具体的には、中国株で時価総額がダントツに大きい2大銘柄はテンセント(00700)とアリババ(09988)の2大IT企業です。この2銘柄は米国のGAFAM(グーグル、アマゾン、フェイスブック、アップル)と同様に本稿執筆時点では世界の時価総額ランキングのトップ10位以内に入っています。これらの企業は巨大な時価総額を活用して、株式交換や調達資金によってイノベーティブなハイテク企業を買収し、自社の価値をより高めてきました。
また、株式報酬を従業員に渡すことで、国内最優秀のハイテク人材を、キャッシュを動かさずに維持できています。そして、これらの企業の株価推移を長期で俯瞰すると、時折調整はあるものの成長が続いています。つまり時価総額の規模の大きさだけでも他社を上回る優位性があると言ってもよいでしょう。

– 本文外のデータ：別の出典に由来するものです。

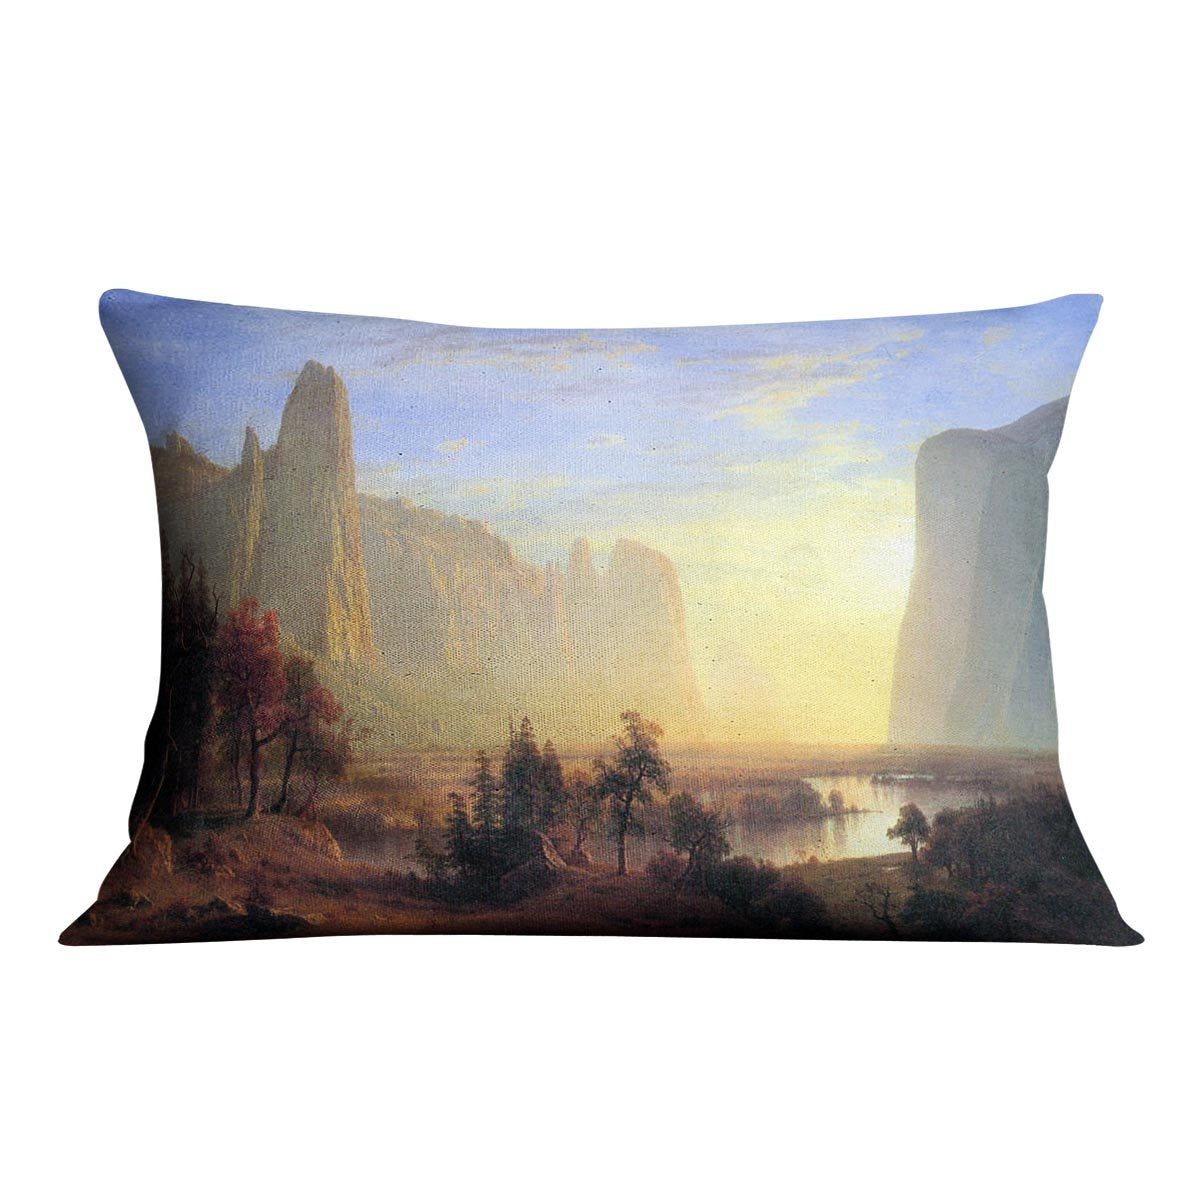 Yosemite Valley by Bierstadt Cushion - Canvas Art Rocks - 4

もちろん、企業業績の拡大も続いています。たとえば、アリババを見ると、これだけの規模になっても成長スピードが下がらず、採算に乗っているコア事業は非常に高い利益率をもたらしています。
アリババの強みはマーケットプレイスと充実した各種実店舗、そして自慢の物流を繋いだ小売の仕組みであり、品揃えという供給網と決済機能を合わせた小売インフラは強力です。さらに各種ネットサービスが消費者と売り手を繋ぐ役目を果たしています。
アリババのeコマースプラットフォーム「Taobao Deals(淘宝天天特売)」のモバイルMAU(月間利用者数)が1億人となり、「Taobao Live(淘宝直播)」、「Taobao Grocery(淘宝菜)」などの新サービスも急速に育っています。先行投資がなければもっと利益を残せたはずですが、現状においては、先行投資による将来の成長に重点を置く段階です。つまり、その先行投資が実った時には、同社はさらに評価されても良いはずです。同じようなことはテンセントについても言えます。
ところが、アリババもテンセントも足元の株価推移は冴えない動きとなっています。株価が冴えない理由は大きく分けて理由は2つあります。1つは中国当局が体制批判を懸念し、ITハイテク大手への監視体制を強化していることです。そしてもう1つはナスダックを中心にグロース株が世界的に調整していたことです。しかし、世界的なグロース株の調整は終わり、株価は反発基調にあります。また、中国当局の動きについてはアリババが巨額の制裁金を支払うことになり、それで一服したとの見方もあります。
この2つの理由によって株価は軟調に推移していますが、それだけに成長力から見た現在の株価は割安だと私はみています。これらのITハイテク大手のファンダメンタルズは極めて強く、調整を乗り越えた先に次の投資機会があると思います。